Pulling on scrubs five days a week and seeing to the well-being of human patients takes an interesting turn when Hall’s white coat and earrings come off and the jeans and muddy boots go on. And it isn’t just her vast medical background that in her life of 46 years now comes intuitively and naturally, it’s her ability to bring the devoted and loving touch of a woman to raising deer. “Women bring a very caring, patient and nurturing aspect,” Hall said. “Men tend to the strong ones. We are the mothering ones. The deer follow me around. They don’t follow Tony around.”
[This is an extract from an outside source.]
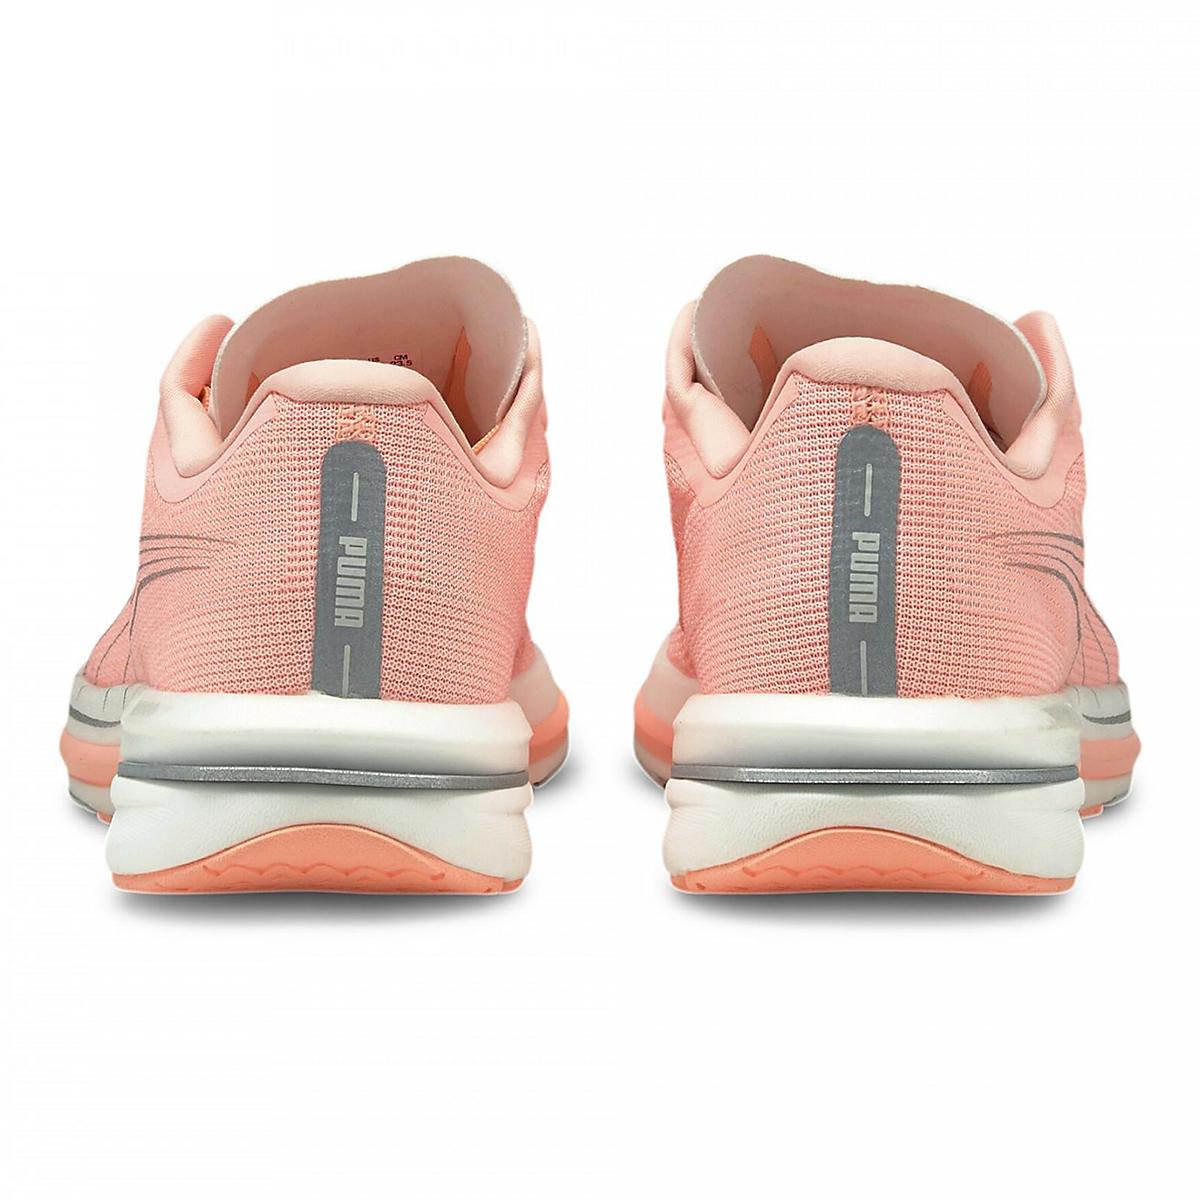 Women's Puma Velocity Nitro Running Shoe - Color: Elektro Peach-Puma Silver - Size: 5.5 - Width: Regular, Elektro Peach-Puma Silver, large, image 3

Fawning season brings an expected increase in the commitment that she, Tony and Luke have for their farm, but all throughout the night when fawns first arrive, it’s Hall who is preparing and feeding bottles to any newborn that might need one. Sharing her strong protective mothering instincts for fawns is Mitzi Holland, who along with her husband Jason and son Jack have operated Barren River Whitetails in Gamaliel (south central), Kentucky since 2018. “We also raise cattle, but I’ve never felt like they were mine,” Holland said. “But with the deer I do feel like they are mine. People assume with agriculture it’s the male who’s running everything but that’s not always the case. Successful farms have the strong presence of women.”

“Women can be just as impactful as males as long as the passion in there,” Hall added. Both women agree that the willingness to perhaps work harder than you have ever worked in your entire life, is also a necessity when it comes to running a family-owned and operated deer farm. There isn’t one job that either woman has ever shied away from whether it be putting up a fence, record keeping, feeding, paperwork, financials, sending bills or gathering permits. While they are grateful for the fortitude that deer farming has required of them, they are also grateful for the life lessons it has taught their children.

“First of all, your children learn they are responsible for a life,” Holland said. “They witness the cycle of life, and they learn responsibility and that the deer are not going to make it without you. How that will shape them as an adult is amazing. To realize nothing is free and easy and to not have a sense of entitlement and to know that hard work pays off.” In addition, Hall believes “the biggest benefit is teaching them responsibility and to have a good management and work ethic. We have a lot invested and when we lose an animal, it hurts us all.”

“I have a new respect for deer and a new perspective on how hard life is to live in the wild,” Hall said. “And in knowing how important women can be to the cervid industry, I’m very glad that Mitzi and I, along with so many others, can be a vital part of it.”